Equilibrium calculation of phase fraction as a function of temperature for the Al0.875CoCrFeNi alloy using our current thermodynamic database
It has been found that both Al and Cr are stabilizers of the bcc-based structure.36 , 37 The effect of Al on the fcc/bcc phase transition has been discussed above in detail. It will be interesting to understand the effect of Cr in this regard. To take advantage of thermodynamic calculation, the isopleths of AlCoCr y FeNi-Al x CoCr y FeNi with y = 0.5, 1, 1.5, and 2, respectively, were calculated and shown in Fig. 5a–d. With the increasing addition of Cr ratios from 0.5 to 2 as shown in Fig. 5a–d, the disordered bcc-A2 phase becomes stable in larger and larger composition and temperature ranges at the expense of both ordered bcc_B2 and fcc. Figure 4 clearly indicates the difference of Al and Cr. In general, Al stabilizes both bcc_A2 and bcc_B2, yet it is more in favor of bcc_B2, while Cr stabilizes bcc_A2 but destabilizes bcc_B2. The phase transition ranges of Al x CoCr y FeNi alloys homogenized at 1100°C were also calculated and shown in Fig. 6. It indicates the bcc phase region increases and the fcc/fcc + bcc regions decrease with the increasing of Cr concentration. When the Cr ratio x = 2.0, no pure fcc phase region can form within the Al x CoCr2FeNi alloys.
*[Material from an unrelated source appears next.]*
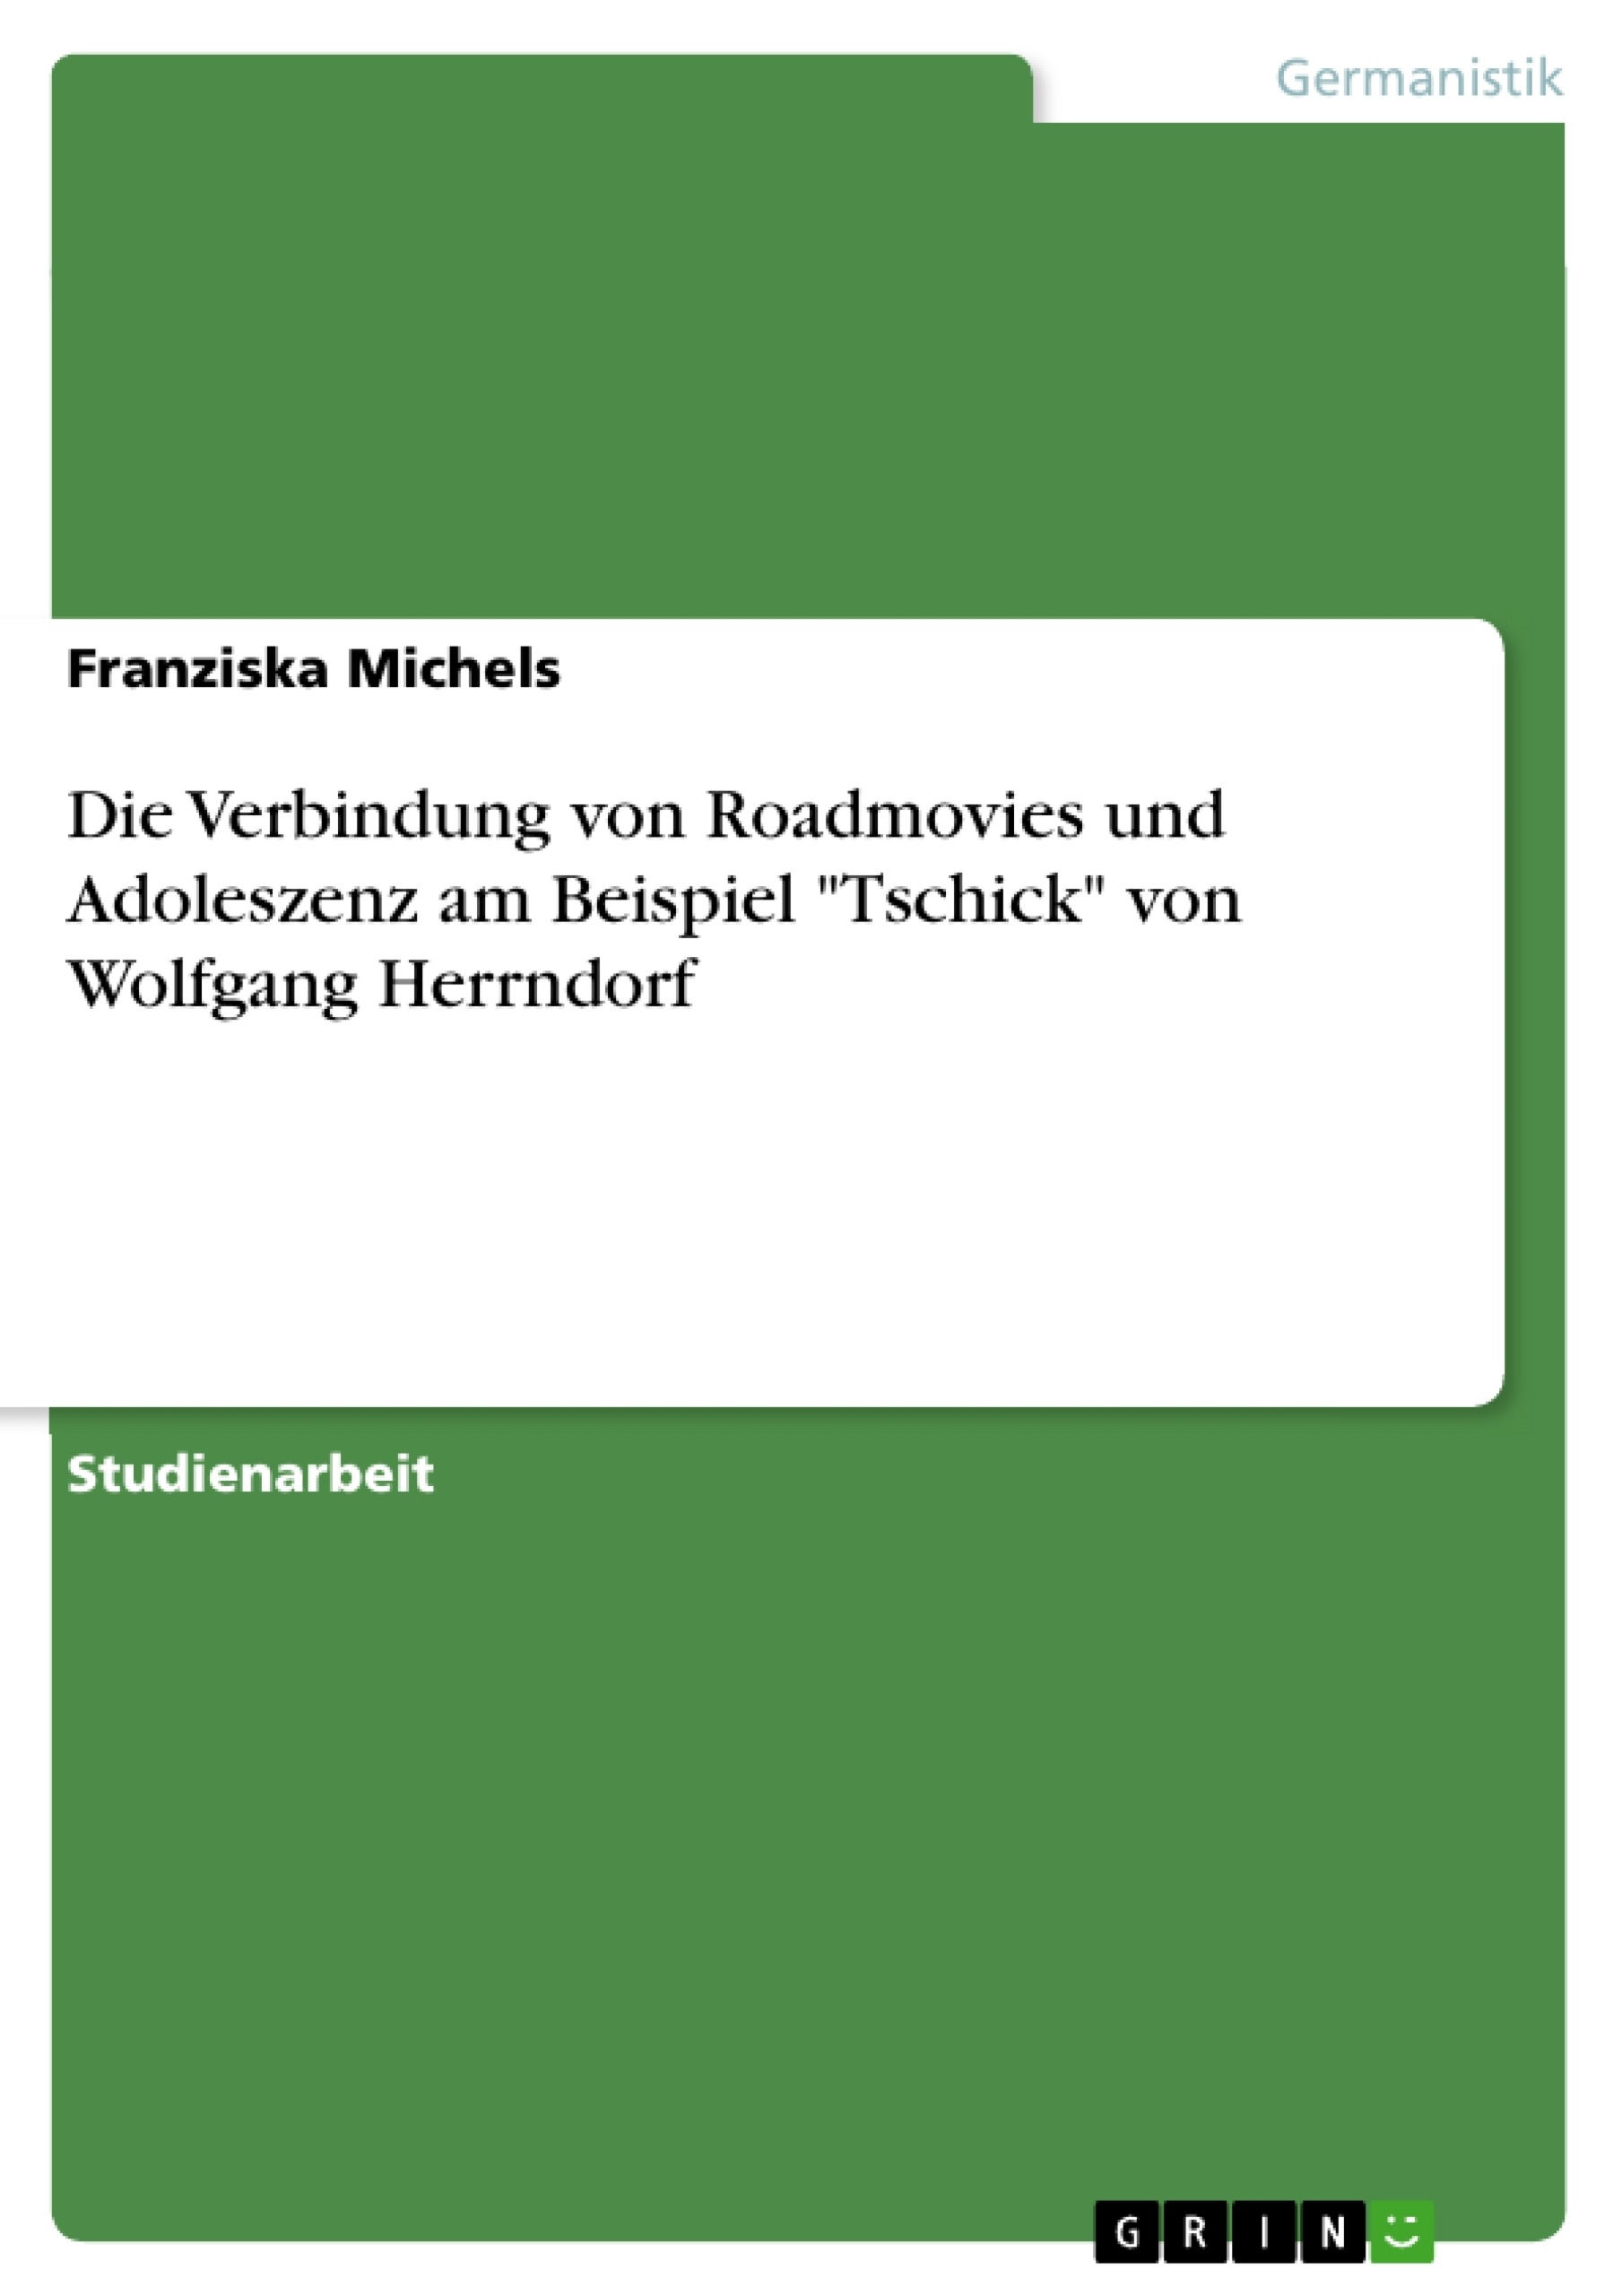 Titre: Die Verbindung von Roadmovies und Adoleszenz am Beispiel "Tschick" von Wolfgang Herrndorf

The calculated isopleth of the Al x CoCr y FeNi alloys with x = 0.5–2, y = 0.5, 1.0, 1.5, and 2.0 using our current thermodynamic description
The calculated transition ranges of the Al x CoCr y FeNi alloys homogenized at 1100°C
Isopleths with various ratios of Co, Fe, and Ni are also calculated in order to fully understand the effect of each element on the fcc/bcc phase transition of the AlCoCrFeNi-based HEAs. Figure 7a is the vertical section of AlCrFeNi-AlCoxCrFeNi, Fig. 7b is the vertical section of AlCoCrNi-AlCoCrFexNi, and Fig. 7c is that for the AlCoCrFe-AlCoCrFeNix. As is seen from Fig. 7, the Co, Fe, and Ni all act as fcc stabilizers. On the other hand, it is hard to get an fcc structure as the primary phase in all three vertical sections. This is because high Al ratio (Al = 1) is used in the calculation of these diagrams.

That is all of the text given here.